Dual Hierarchical Dialogue Policy Learning for Legal Inquisitive Conversational Agents

cs.CL updates on arXiv.org

Xubo Lin, Zezhii Deng, Shihao Wang, Grace Hui Yang, Yang Deng

May 15, 2026, 12:00 AM

arXiv:2605.14057v1 Announce Type: new Abstract: Most existing dialogue systems are user-driven, primarily designed to fulfill user requests. However, in many critical real-world scenarios, a conversational agent must proactively extract information to achieve its own objectives rather than merely respond. To address this gap, we introduce \emph{Inquisitive Conversational Agents (ICAs)} and develop an ICA specifically tailored to U.S. Supreme Court oral arguments.
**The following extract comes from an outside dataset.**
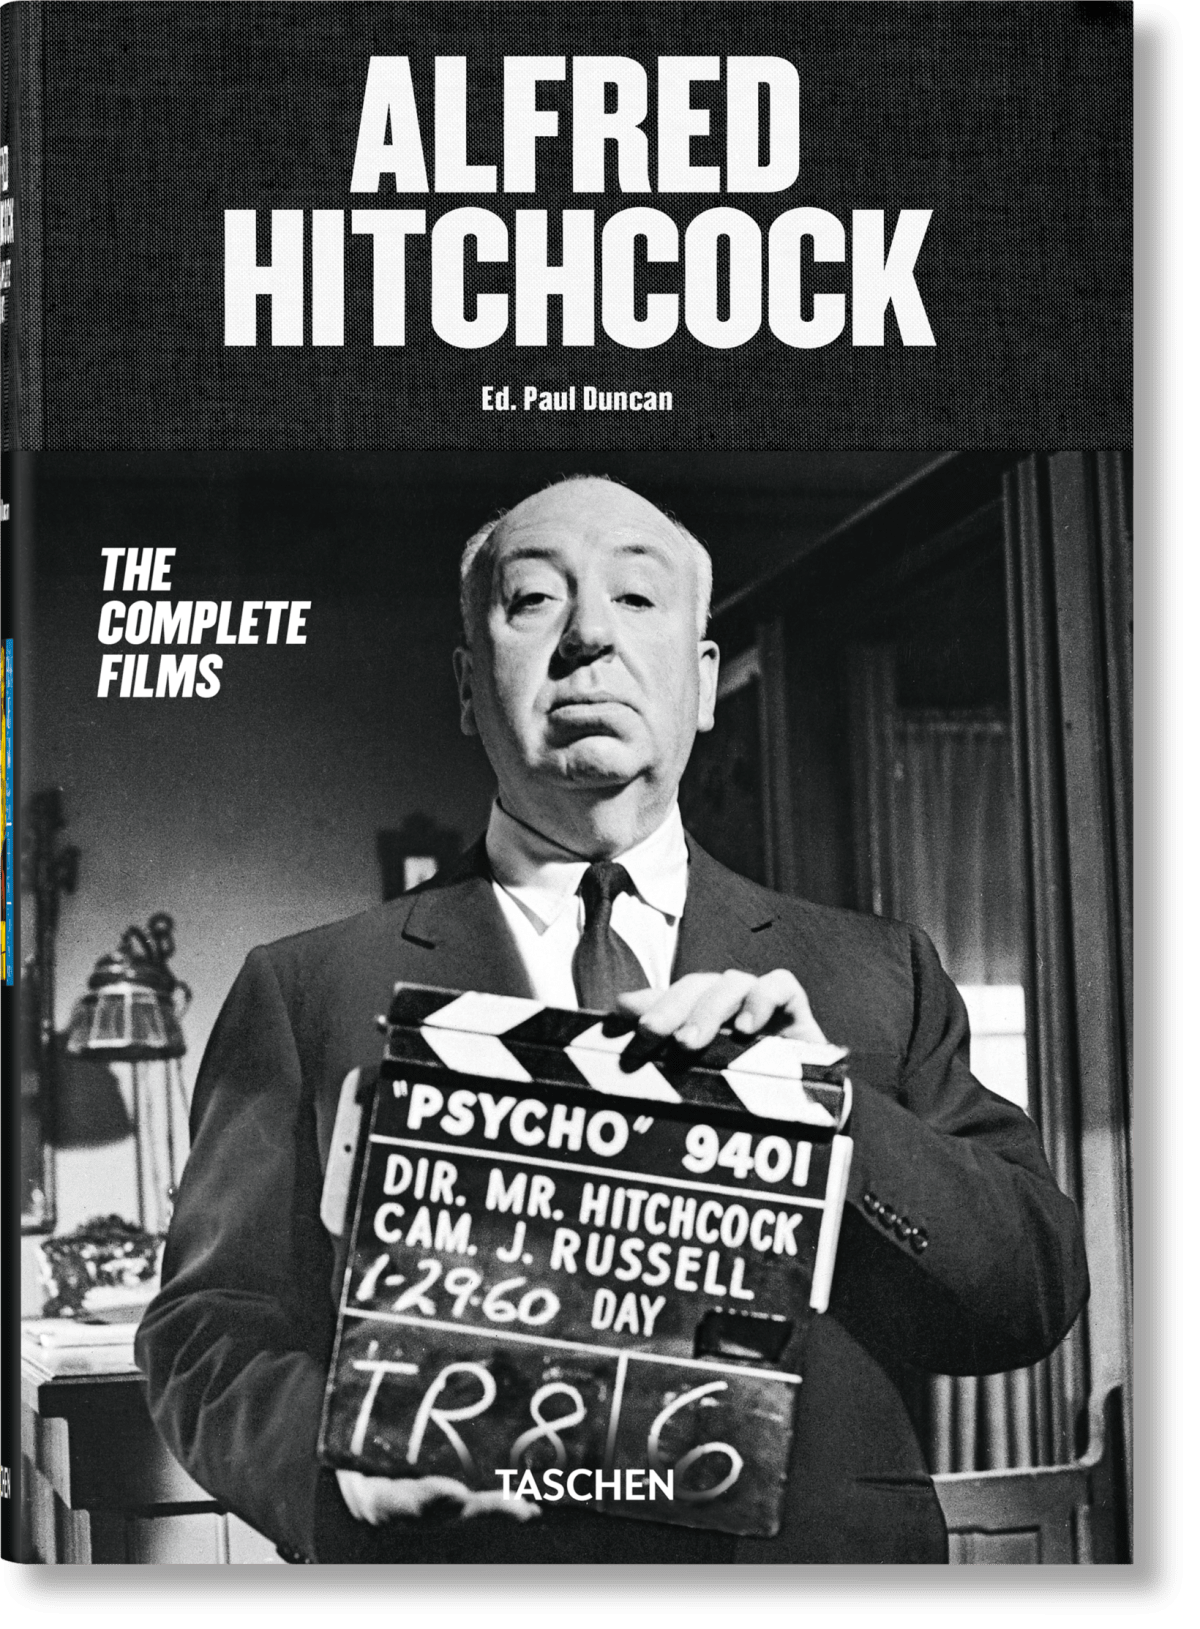 Alfred Hitchcock. Todas las películas

We propose a Dual Hierarchical Reinforcement Learning framework featuring two cooperating RL agents, each with its own policy, to coordinate strategic dialogue management and fine-grained utterance generation. By learning when and how to ask probing questions, the agent emulates judicial questioning patterns and systematically uncovers crucial information to fulfill its legal objectives. Evaluations on a U.S. Supreme Court dataset show that our method outperforms various baselines across multiple metrics. It represents an important first step toward broader high-stakes, domain-specific applications.